Mizan

Download Icon Download Mizan source code from:
Google Code or GitHub
Ubuntu Logo Configure your Local Ubuntu to Run Mizan
AWS Logo Run Mizan on EC2
pdfIconD Download Mizan’s Paper or Presentation

EuroSys Video Presentation

What is Mizan?

Mizan is an advanced clone to Google’s graph processing system Pregel that utilizes online graph vertex migrations to dynamically optimizes the execution of graph algorithms. You can use our Mizan system to develop any vertex centric graph algorithm and run in parallel over a local cluster or over cloud infrastructure. Mizan is compatible with Pregel’s API, written in C++ and uses MPICH2 for communication. You can download a copy of Mizan and start using it today on your local machine or try Mizan on EC2. We also welcome programers who are interested to go deeper into our Mizan code to optimize or tweak.
Mizan is published in EuroSys 13 as “Mizan: A System for Dynamic Load Balancing in Large-scale Graph Processing“. We have an earlier work of Mizan as “Mizan: Optimizing Graph Mining in Large Parallel Systems“, which we recently changed it to Libra to avoid confusions. We show below the abstract for Mizan’s EuroSys 13 paper. We also include Mizan’s general architecture and its API available for users.

Abstract

Pregel was recently introduced as a scalable graph mining system that can provide significant performance improvements over traditional MapReduce implementations. Existing implementations focus primarily on graph partitioning as a preprocessing step to balance computation across compute nodes. In this paper, we examine the runtime characteristics of a Pregel system. We show that graph partitioning alone is insufficient for minimizing end-to-end computation. Especially where data is very large or the runtime behavior of the algorithm is unknown, an adaptive approach is needed. To this end, we introduce Mizan, a Pregel system that achieves efficient load balancing to better adapt to changes in computing needs. Unlike known implementations of Pregel, Mizan does not assume any a priori knowledge of the structure of the graph or behavior of the algorithm. Instead, it monitors the runtime characteristics of the system. Mizan then performs efficient fine-grained vertex migration to balance computation and communication. We have fully implemented Mizan; using extensive evaluation we show that—especially for highly-dynamic workloads— Mizan provides up to 84% improvement over techniques leveraging static graph pre-partitioning.

Architecture

Each Mizan worker contains three distinct main components: bulk synchronous parallel (BSP) Processor, distributed hash table (DHT) communicator and storage manager. All of the three components are combined to serve as a Pregel-clone graph processor. Each component communicate with others through clear API, which allows for easier code improvements without affecting other components.

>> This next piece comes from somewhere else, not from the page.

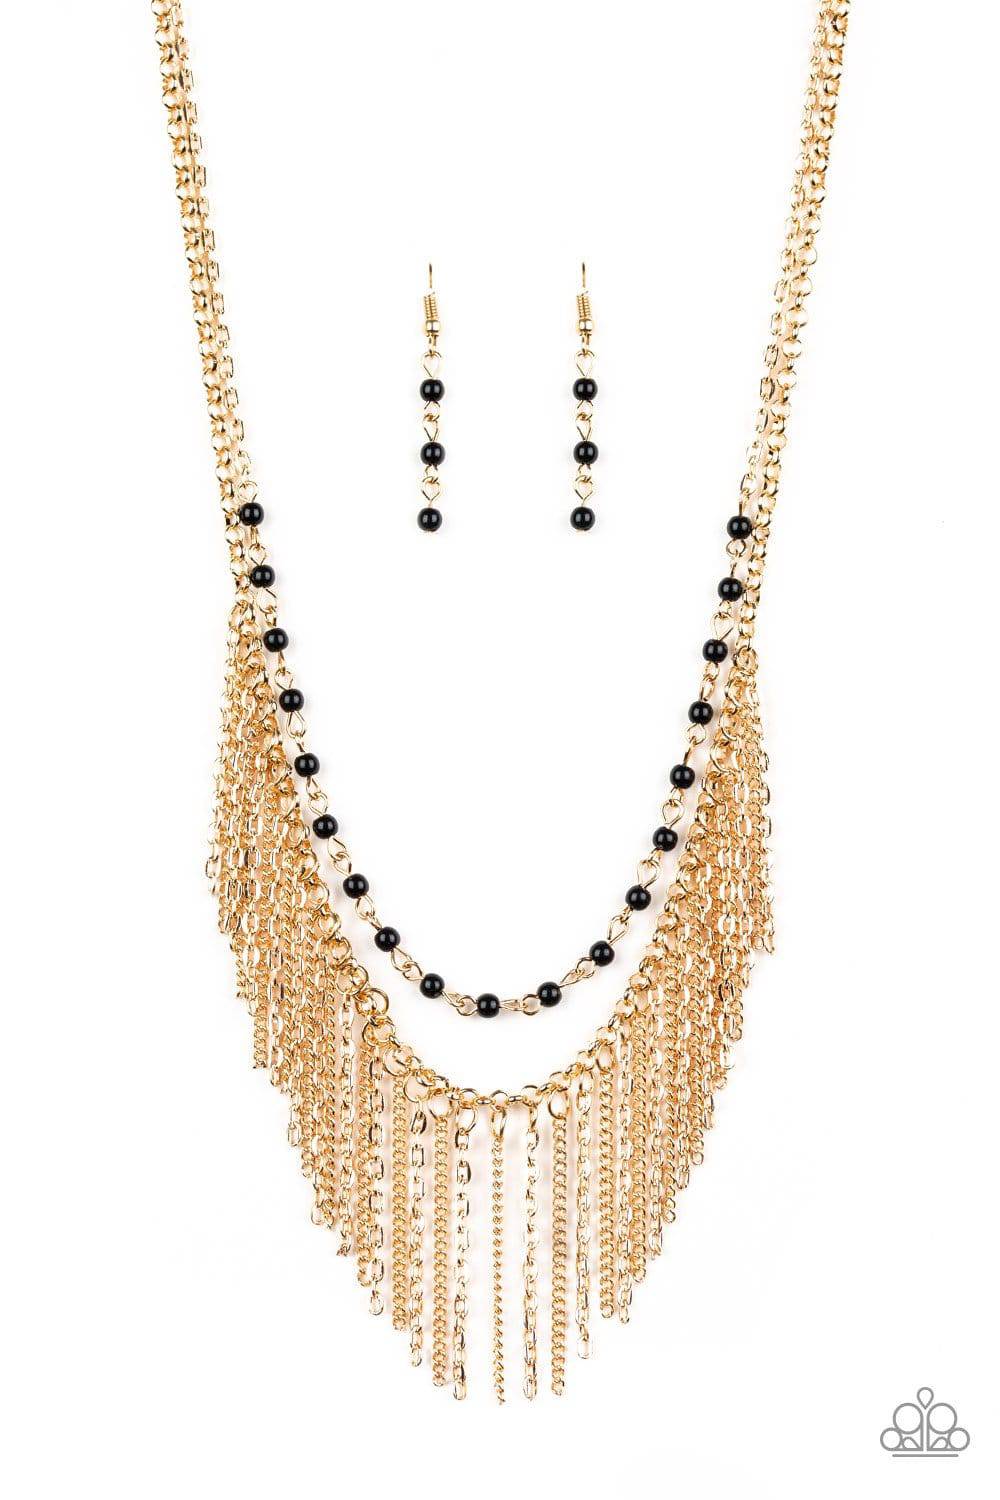 Fierce In Fringe - Gold & Dainty Black Bead Fringe Necklace - Paparazzi Accessories - GlaMarous Titi Jewels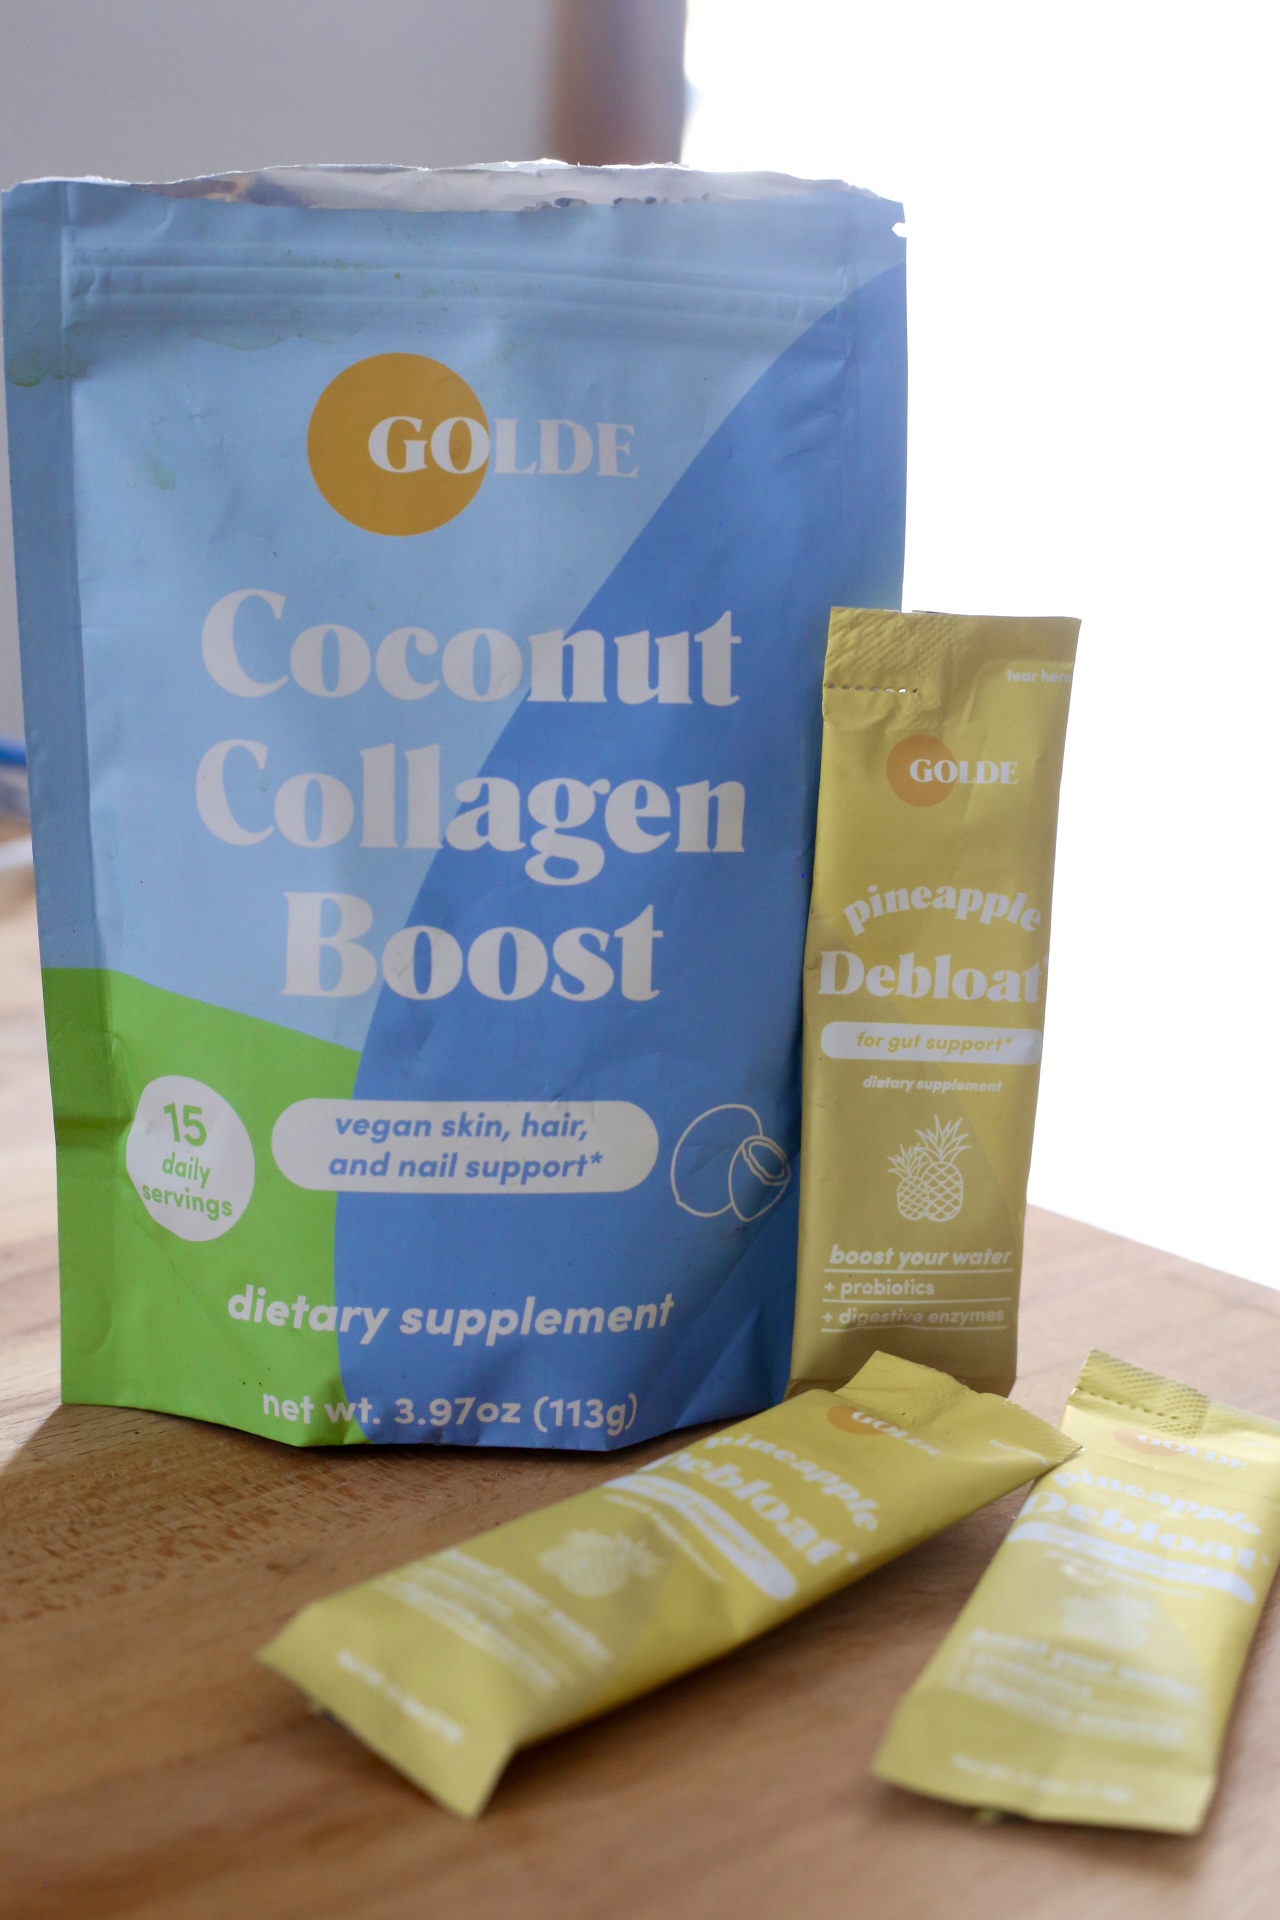 Golde supplements

The independent components of Mizan

The BSP processor takes the user’s code and applies it on all graph vertices stored by the storage manager in each worker. The BSP processes synchronizes with other workers through command messages delivered by the communicator. The communicator keep track of vertex ownership through the DHT and exchange command and algorithm messages with other workers.  Each storage manager stores the assigned sub-graph in memory and any related data to the sub-graph, such as received messages and vertices’ data. The storage manager can access both local disks and HDFS to read the input graph partitions and writes the algorithm results. The migration planner is a forth component that interacts with all of the three main components during the BSP barrier to provide a fine-grain dynamic graph repartitioning.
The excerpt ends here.